ENERGEX is looking at their fault detection technologies, both inside and outside the substation.
“For outside the substation, we are really looking at distributed supervisory systems, DSS as we call it. To ensure that we have the right number of enclosures in a network, cable fault and line fault indicators, to ensure that we know where they are, and these things need to come back to a central database where we are able to detect which fault power is gone,” he said.
ENERGEX is currently trialing a faster reclosing method. They are attempting to send blocking signals from their downstream reclosers up to the upstream reclosers. They hope to get their upstream reclosers to eventually block their signals from tripping, reduce the fault level or fault clearing time for the reclosers, so they don’t have any grading issues.
“Within the substation itself the main fault that we have is the substation bus faults within the switchgear. The issue that we are grappling at the moment is whether we have one system detection, which is either at the bus only or we have a unitised detection which is covering the bus, the CV area as well the cables,” he said.
Mr Khor said that network planning is a crucial part of the design process, they are looking at the inclusion of fibre optic as a double check for what has traditionally been bus zone protected.
“Being able to load forecast what is coming up, I certainly (think is) key to all this. On the other hand, we are seeing a lot of emerging technologies, such as distributed generation.
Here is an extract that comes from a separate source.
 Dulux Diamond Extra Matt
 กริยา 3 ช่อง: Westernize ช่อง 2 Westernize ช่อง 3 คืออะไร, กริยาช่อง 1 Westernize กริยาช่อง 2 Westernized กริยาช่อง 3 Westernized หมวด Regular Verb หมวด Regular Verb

Even though these could diversify a lot of the loading, we still have the main issue, problem rather, if and when these distributed generators do not produce electricity, the service providers will still have to meet the demand of load,” Mr Khor said.
“So as a result of that we still have to design the network to meet all the demand. Certainly the issues we have at the moment is trying to curtail some of the load, using peak locking and maybe even looking at battery or storage capabilities, using a battery or a statcom for voltage and support. That’s what we try to do,” he said.
ENERGEX is also looking at how they will go about signaling of demand management, whether they use a smart grid system to manage load and the potential use of audio frequency load-shedding devices.